My cooking skills and planning skills are truly put to the test on these weekends. If it were up to them, they’d sit on the couch watching movies, football, and probably a few episodes of Say Yes to the Dress (j/k, I was wondering who was paying attention) while eating out of the pizza box from last night’s order that’s been on the coffee table for more than 12 hours. They’re not animals. They’re not jerks. They’re just…BOYS spending a weekend hanging out. No rules. No concerns.
So, to get them up and moving, I plan trips to the zoo, lunches out with this week’s circular coupons to local restaurants, trips to the park, make-your-own-taco night, you name it.
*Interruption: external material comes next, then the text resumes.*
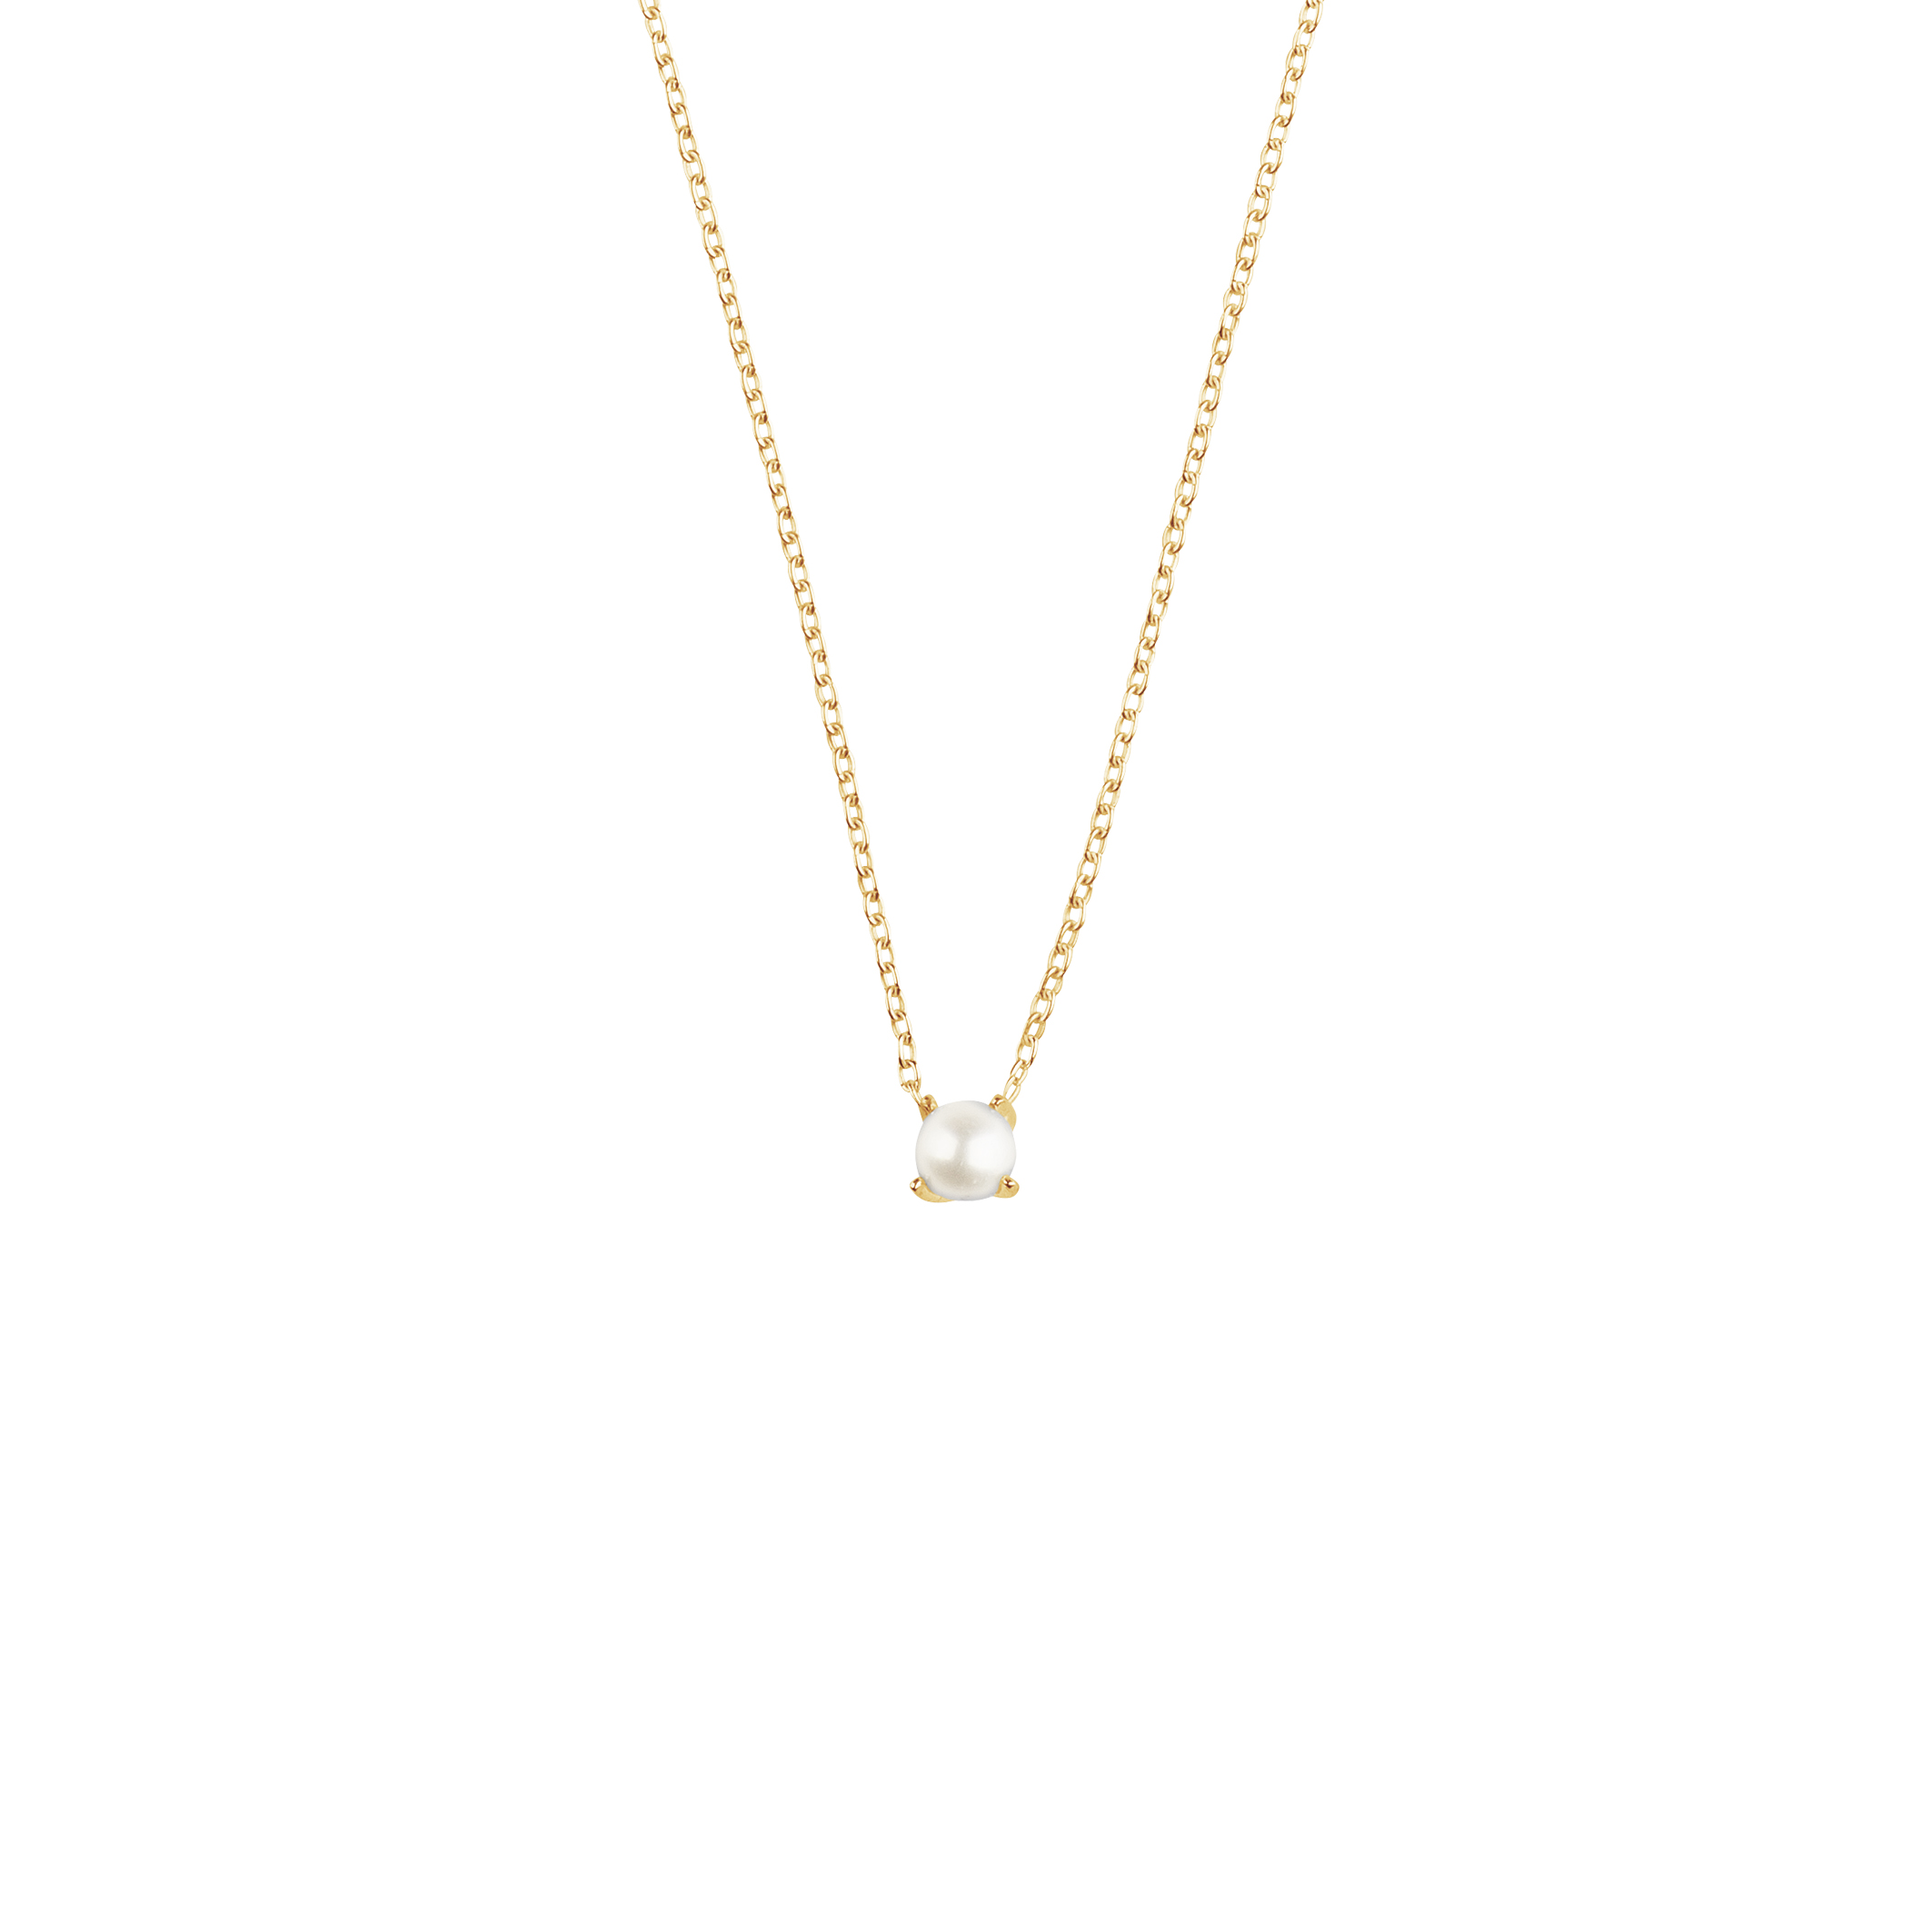 Petite pearl necklace gold

I am a Weekend Planner when we’re all together. Usually by Sunday evening they’re all so sick of following the schedule they probably want to poke holes in my tires, but they smile and say thank you.
Until Sunday night.
After a long day together, a few tantrums (those were Abe’s, not mine), and a meal in public without the iPad (“No iPad? This is terrible news,” Bear said upon entering the restaurant), I stood up from the couch to clean the kitchen.
“I got it,” Bear said. I didn’t even turn around. I assumed he was speaking to someone who was throwing him a football or perhaps to the piece of pepperoni that fell on the floor. I kept walking. “Babe. Go lay down. I got the kitchen.”
Now, Bear is an INCREDIBLE boyfriend. He shows up in every situation to make me feel loved and cherished. But this…this was like foreplay I’d never experienced before.
“Seriously? You’re going to clean the kitchen?”
“Yep! We got it! You go relax.”
I’m not lying. I’m not EVEN lying. He said this to me. And then I went and laid down. And I HEARD him in the kitchen doing things with dishes so I knew he actually went in to the kitchen after he said that to me.
And I went to sleep. It was amazing.
We all woke up in a tizzy the next morning (and by “we” I mean Bear, followed by his son, followed LONG after by Abe and me…we got the “sleep in” gene). I rushed to get dressed so I could get some breakfast out before everyone had to split. And as I walked into the kitchen…I saw it.
Pots. Pots everywhere.
“I didn’t really clean it like you clean it. But I unloaded and re-loaded the dishwasher,” Bear said pouring his coffee and smiling sheepishly.
Upon closer inspection, I realized the counters were not wiped down. The stove wasn’t tended to. The floors were not swept. This. This was not a kitchen that had been “gotten.”
“That’s okay,” I smiled.
I mean, how am I supposed to feel about this?!
It took me a full day to process my feelings (after washing the pots and pans, wiping down the counters and the stove, and sweeping the floors, of course). Bear says in general I need to relax and go with the flow a little better. He’s right. He’s damn right. But about this? I mean, really, ABOUT THIS TOO?! You said you “got” the kitchen and the kitchen was not “GOT” when I walked in. Do I just chalk it up to my boyfriend being a huge liar and move on with life!? BECAUSE THIS WAS A HUGE LIE!
Alright. I’m exaggerating. But truth be told this stupid little experience really did teach me some things:
1. Bear would do anything to make me happy. He might not do things the way I would do them, but he would do them if he thought it helped.
2. When the pots aren’t washed, counters aren’t wiped, and floors aren’t swept…it IS in fact possible for me to go to sleep.
3. Kitchens clean up the same way the morning after dinner as the evening OF dinner.
4. I should probably relax and go with the flow a little bit better.
5. I’m more of a control-freak than I thought.
Anyway. I’m incredibly grateful to have the life that I have with the man in it who supports me like crazy. I’m also incredibly grateful that he teaches me how to be better, both by communicating with me (he’s RIL good at that) and also by bringing my issues out into the light so I can actually SEE myself (by doing things like cleaning the kitchen the way HE cleans it). I suppose any good relationship does this: forces you in front of a mirror to take a good hard look at your particular brand of crazy. Without it, we all hang out being the same people forever and, frankly, now that I’m realizing what a control-freak I am, I don’t really want to be that anymore. And I’d have been really sad if I looked back later and realized no one ever mentioned to me what a control-freak I’ve been.
All that being said, the kitchen is cleaned to standard this evening. So, I can go to bed.